# Dataset content:
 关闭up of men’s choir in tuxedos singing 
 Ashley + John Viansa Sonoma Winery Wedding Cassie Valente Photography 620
--
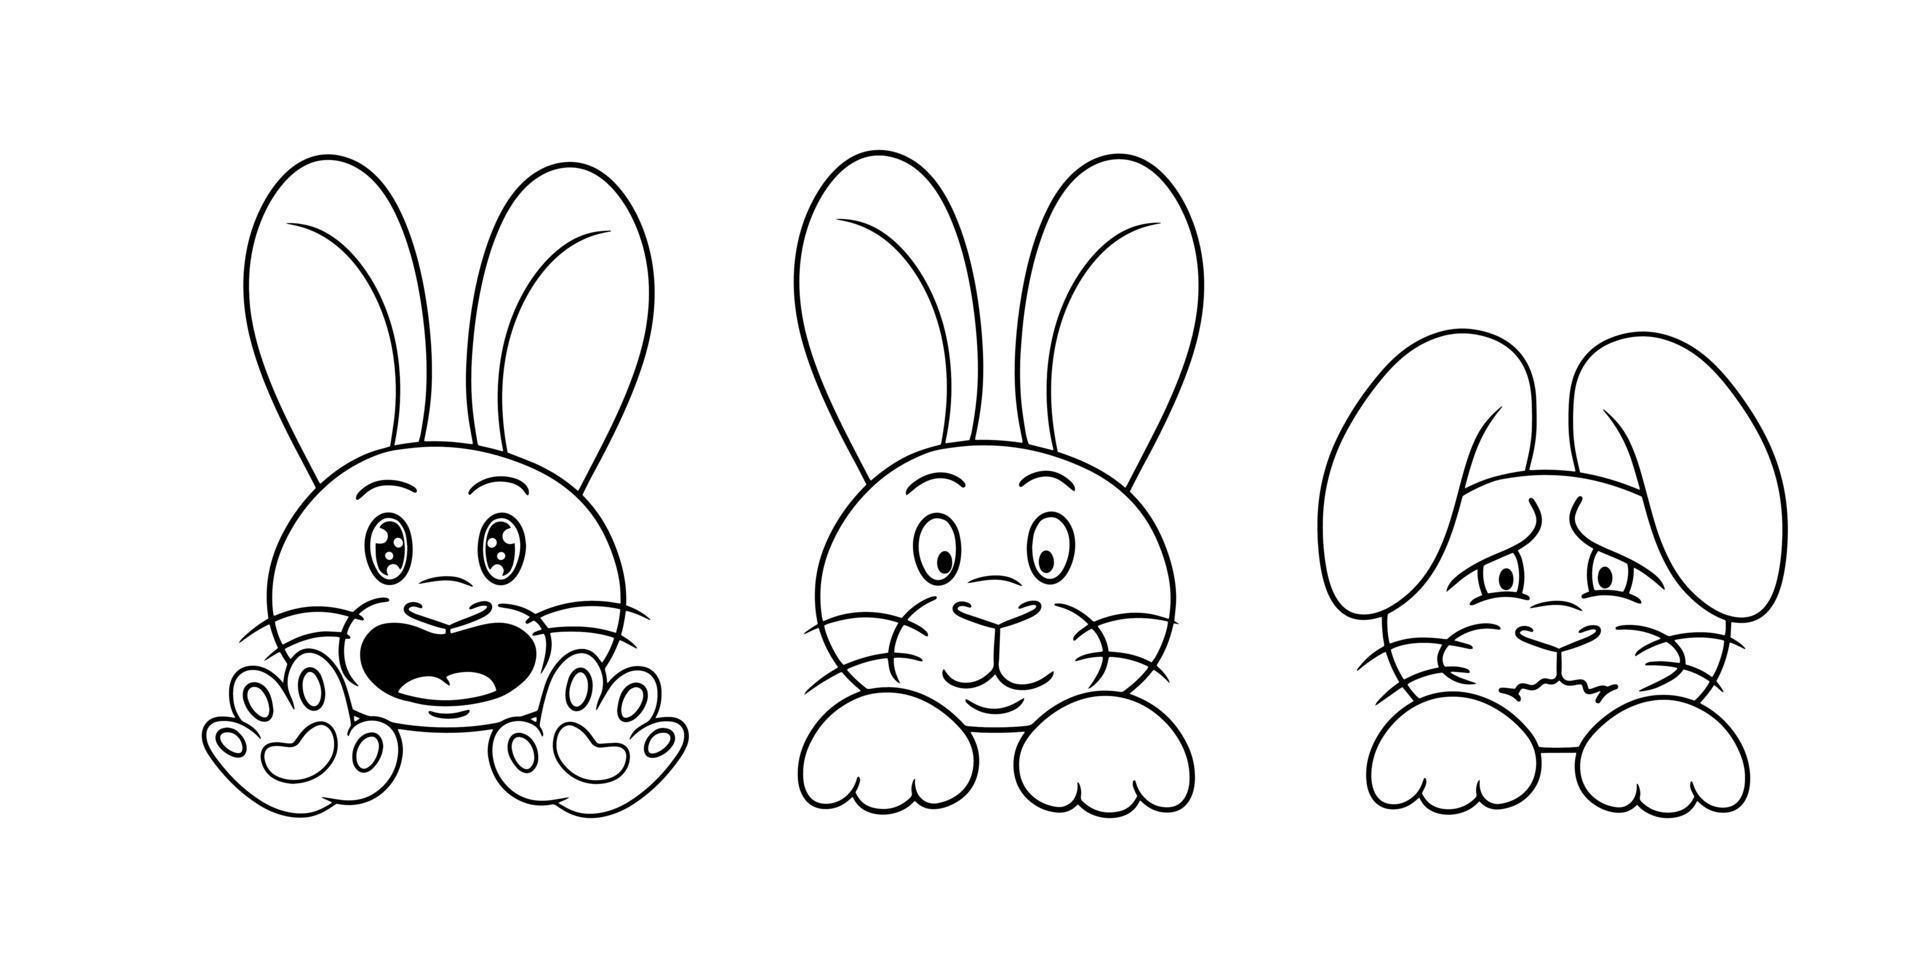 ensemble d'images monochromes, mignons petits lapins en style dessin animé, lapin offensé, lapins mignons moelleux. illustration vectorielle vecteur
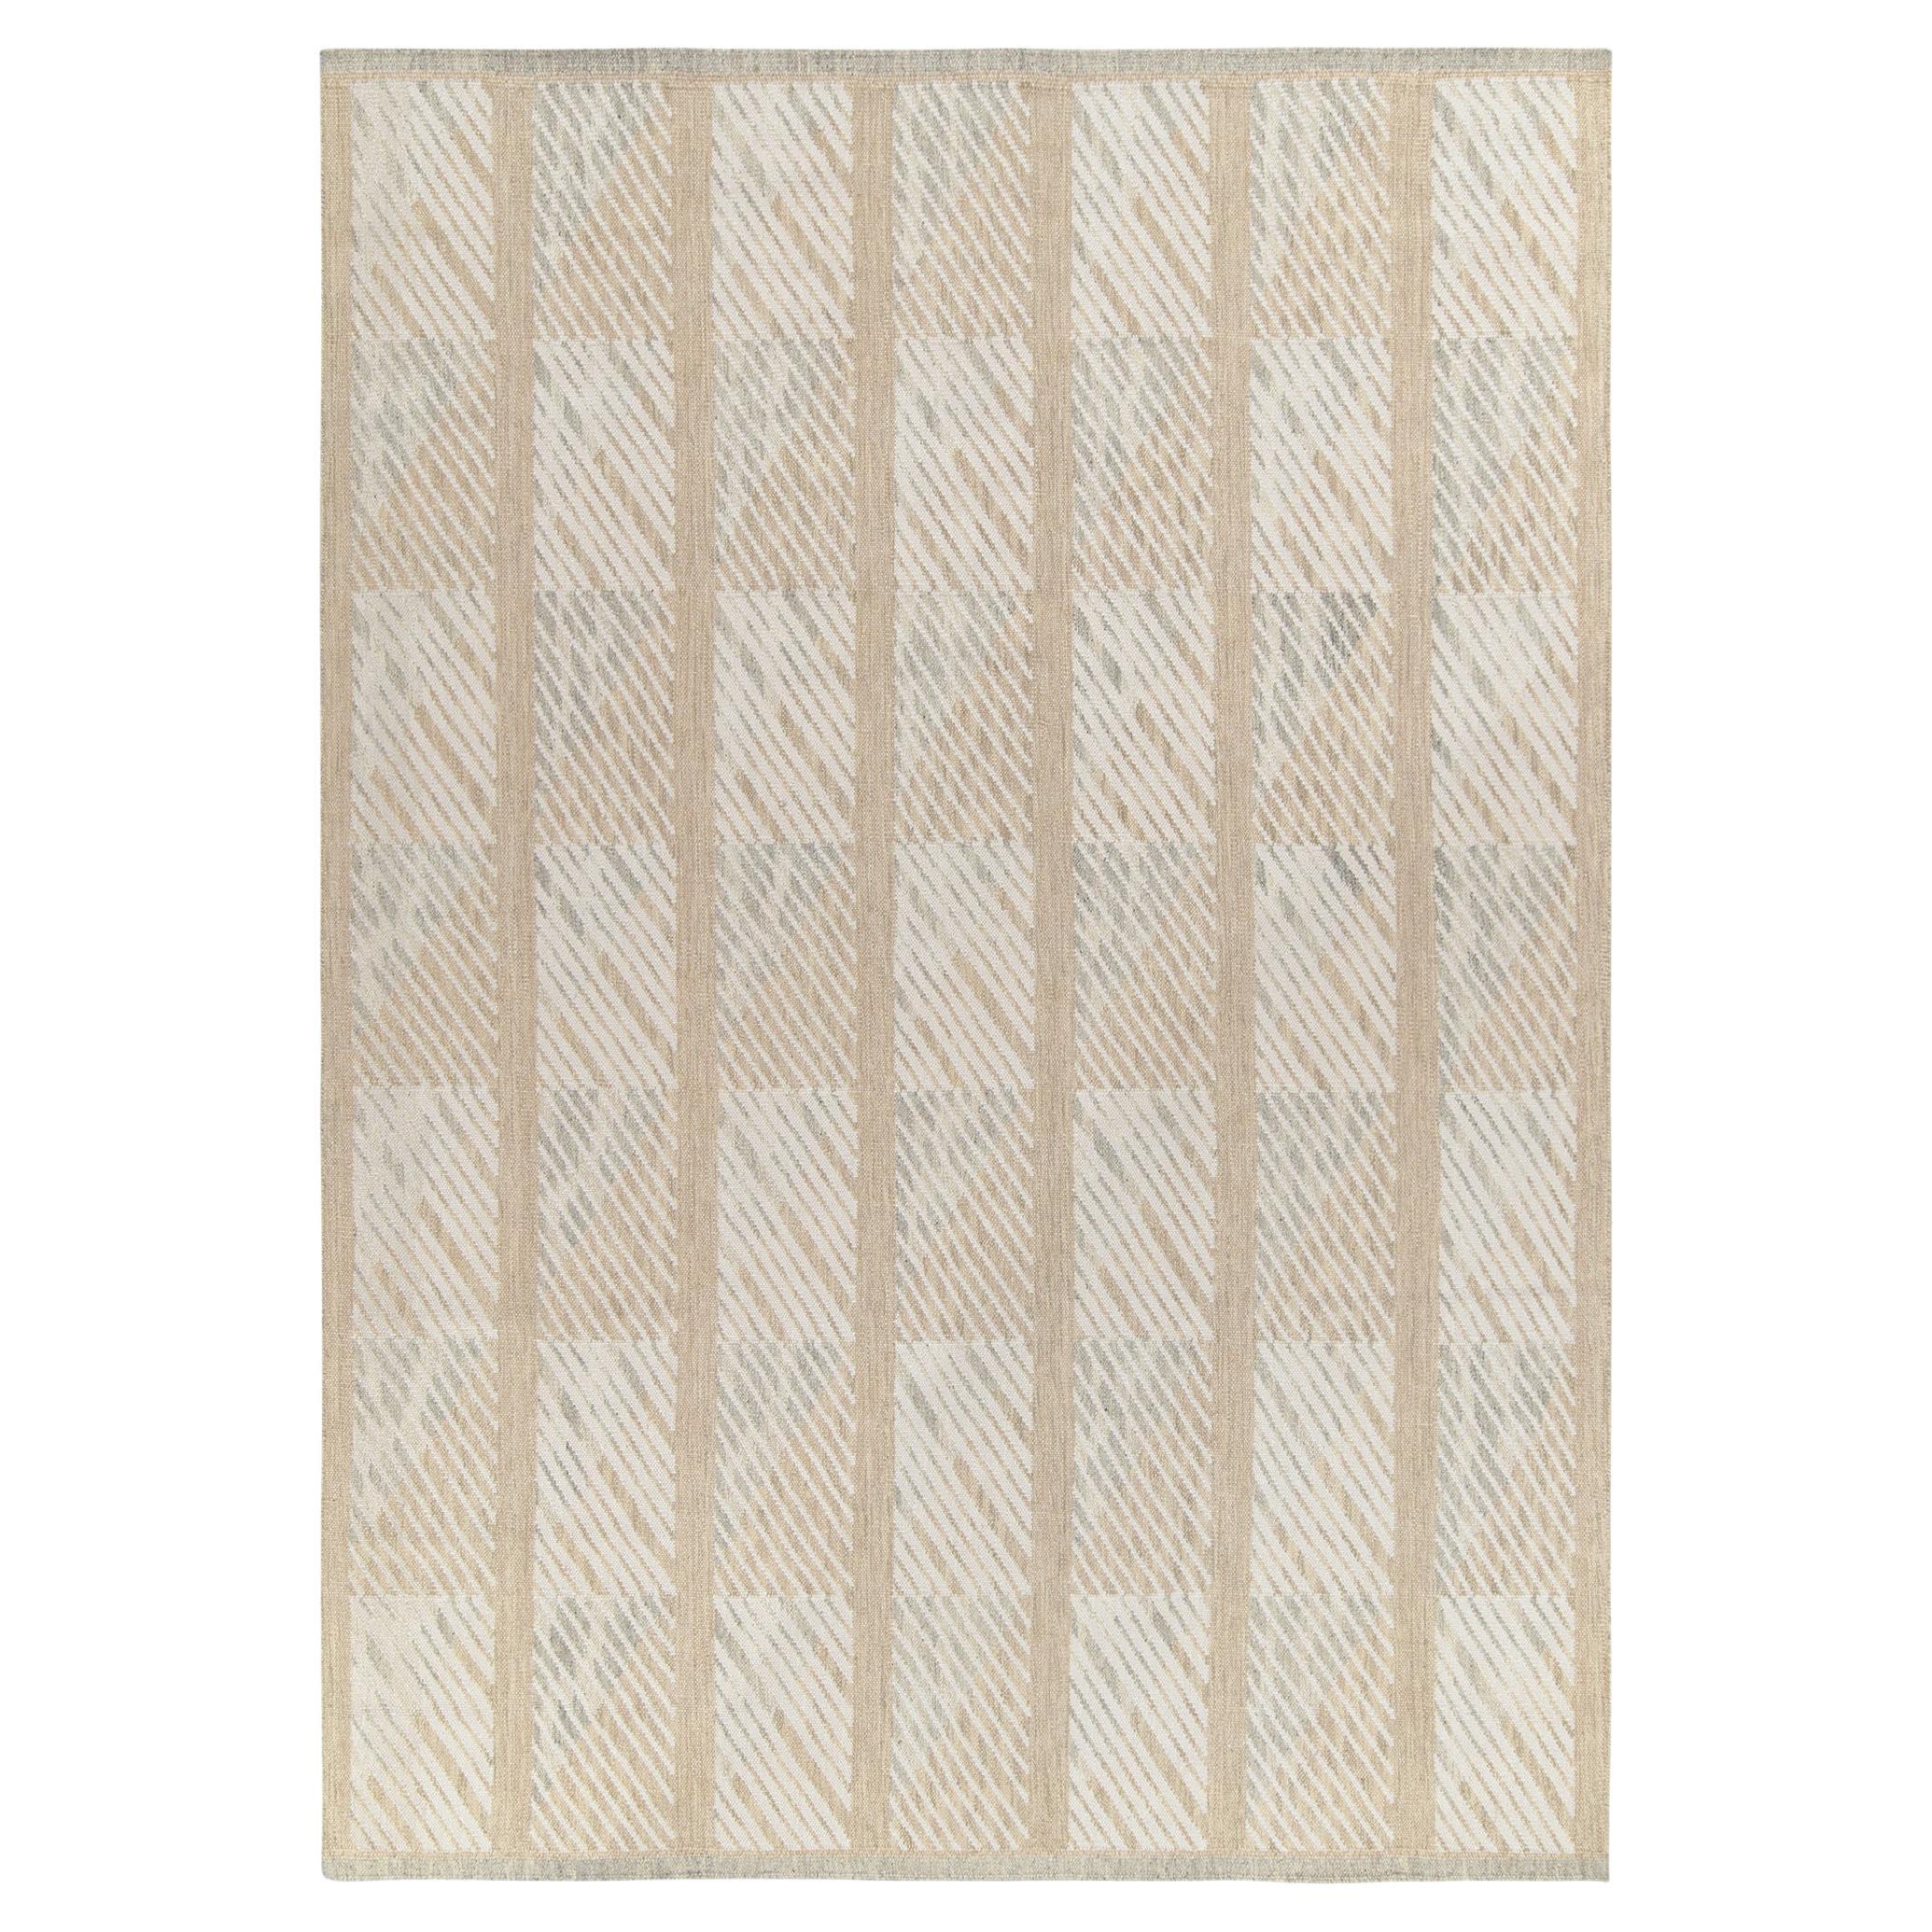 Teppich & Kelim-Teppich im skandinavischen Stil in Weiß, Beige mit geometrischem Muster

# Problem:
In the listing above, find the line with "ensemble d'images monochromes, mignons" and the line with "Teppich & Kelim-Teppich". Set down exactly those lines and everything between them, skipping pictures.

# Task output:
 ensemble d'images monochromes, mignons petits lapins en style dessin animé, lapin offensé, lapins mignons moelleux. illustration vectorielle vecteur
 Teppich & Kelim-Teppich im skandinavischen Stil in Weiß, Beige mit geometrischem Muster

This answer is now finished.